Project Title: Wrangle and Analyze Data from @WeRateDogs
- Main Project File: Every data analysis step is documented in this file, from gathering data to analyzing and visualizing data
- Act Report: This report contains a brief exploratory data analysis, based on three research questions and their respective visualizations
- Wrangle Report: In this document, there is a detailed walkthrough of my data wrangling efforts, which was the focus of this endeavor
data/
: This folder contains the datasets used in the project, and a few screenshots from selected tweets I used in the Act Report.
This project was undertaken as part of Udacity's Data Analyst Nanodegree.

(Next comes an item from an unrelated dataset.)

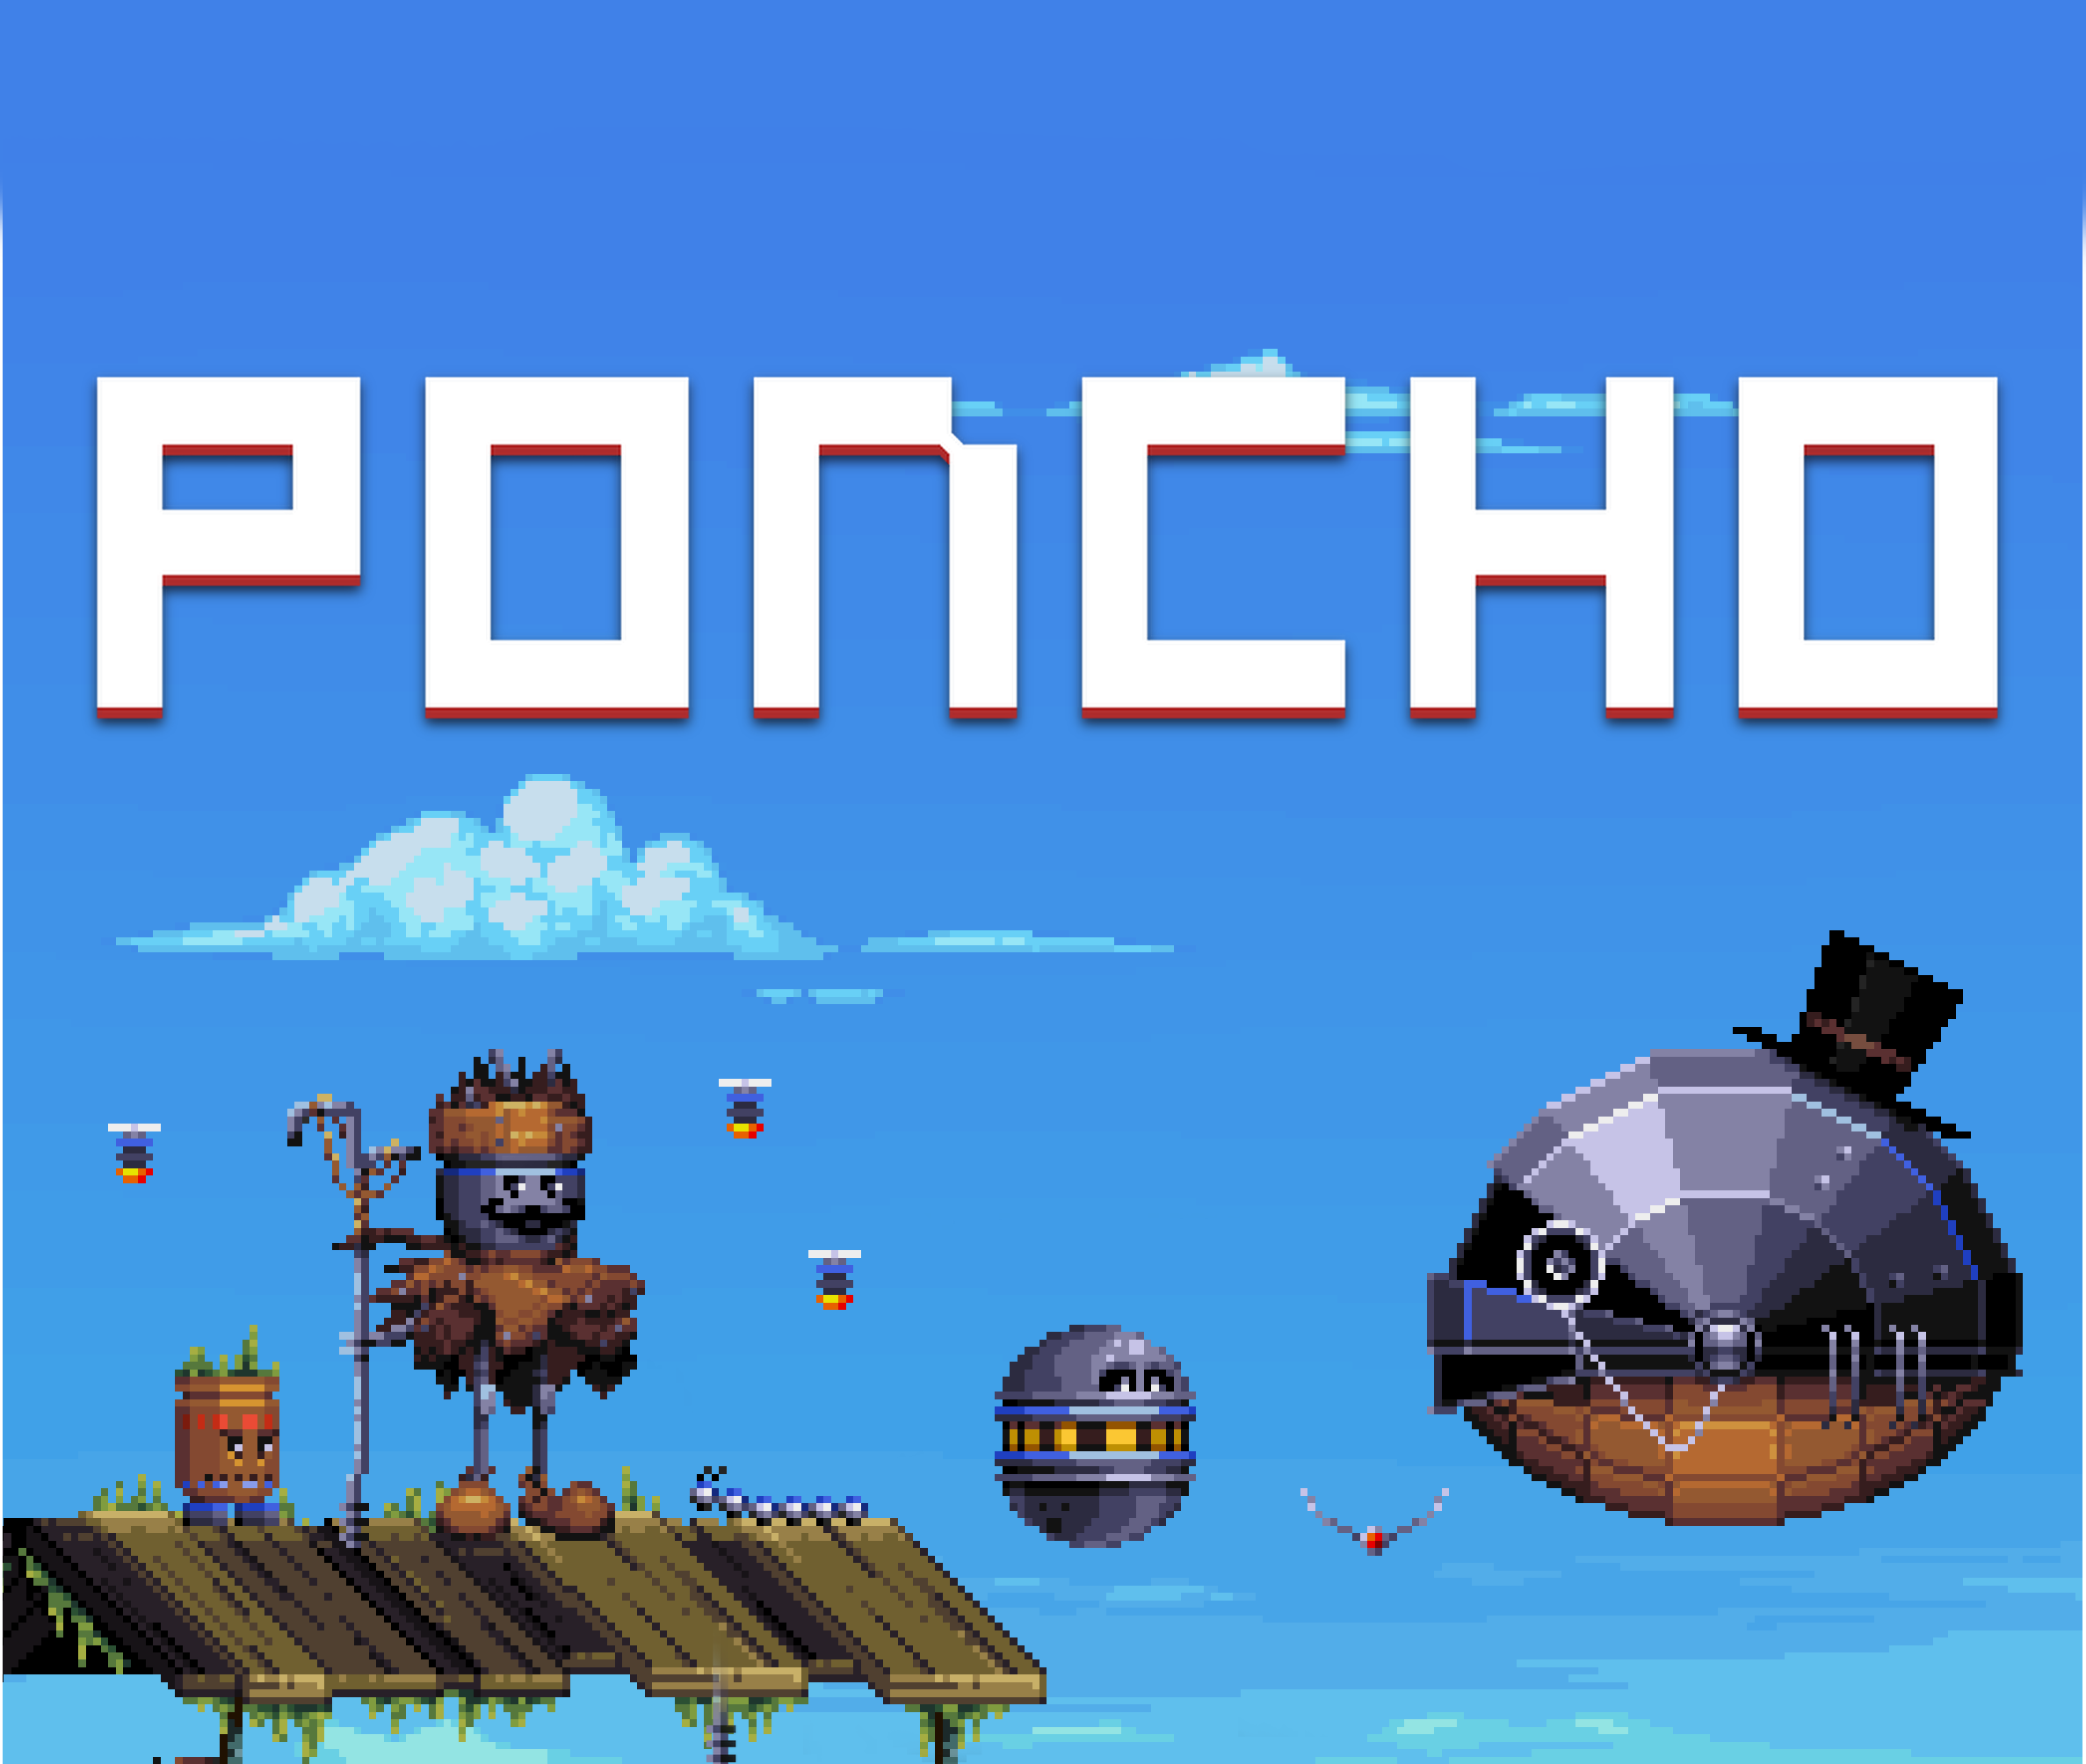 Poncho 2 5D pixel art adventure platformer debuts on Linux

For this project, the goal was to wrangle WeRateDogs Twitter data to create interesting and trustworthy analyses and visualizations. The Twitter archive is great, but it only contains very basic tweet information. Additional gathering, then assessing and cleaning was required for "Wow!"-worthy analyses and visualizations.

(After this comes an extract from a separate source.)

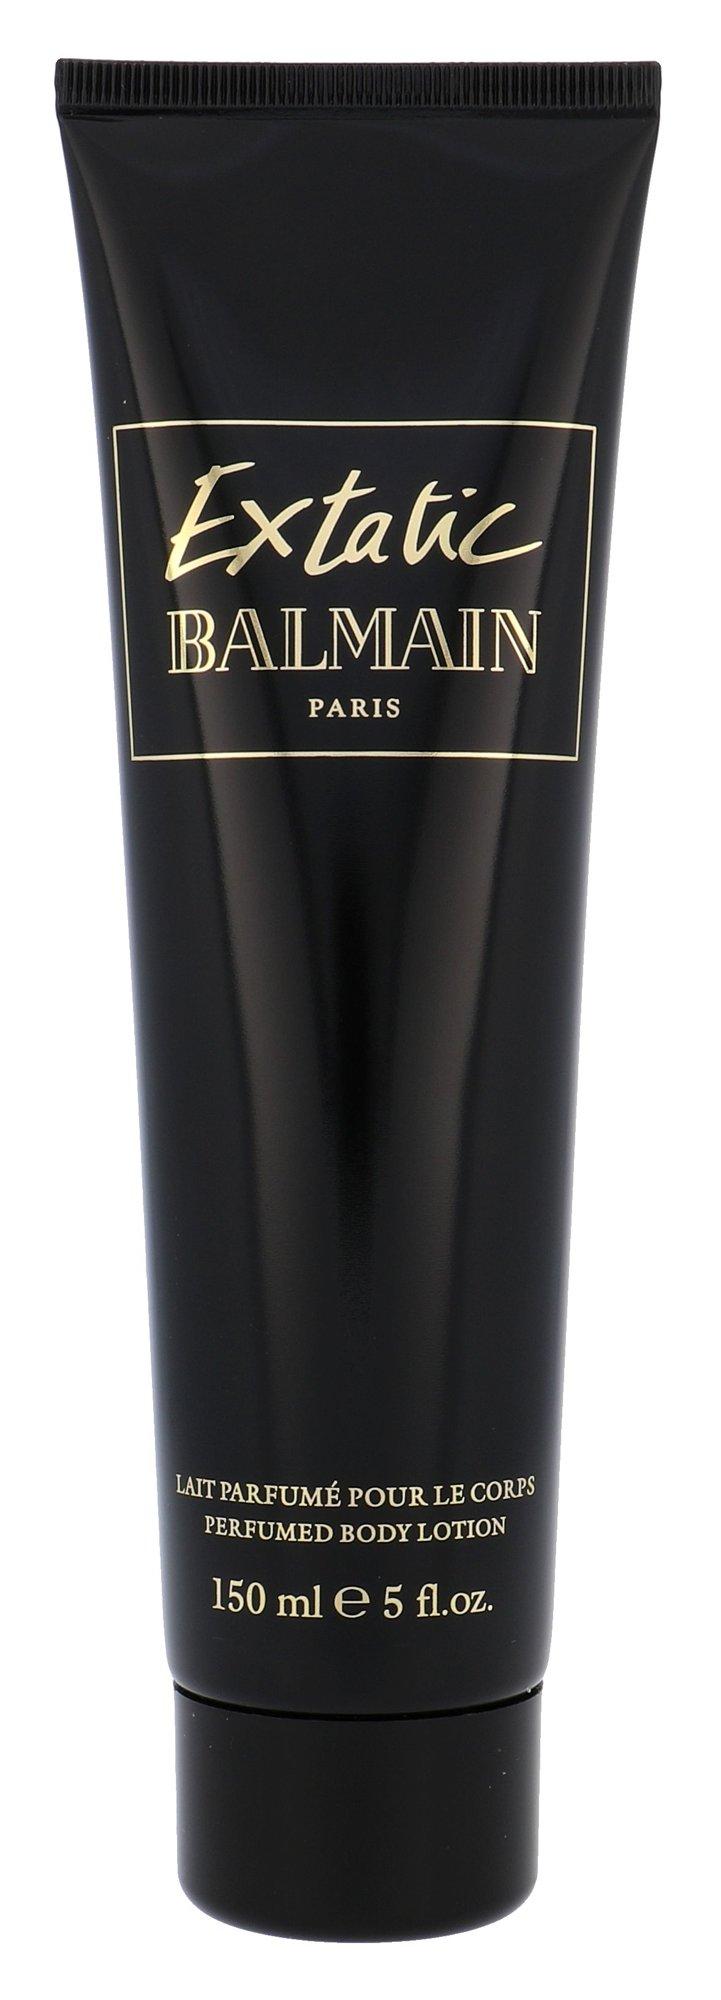 Balmain Extatic Body lotion 150ml

For this project, the gathering data phase involved three datasets:
-
archive
table: contains the information WeRateDogs sent Udacity and I downloaded directly. -
fav_rt
table: contains the information I gathered from Tweepy. Namely, tweet ID, favorite count and retweet count. -
image_prediction
table: WeRateDog's tweets were processed through a neural network that can identify dog breed. This dataset was downloaded programmatically.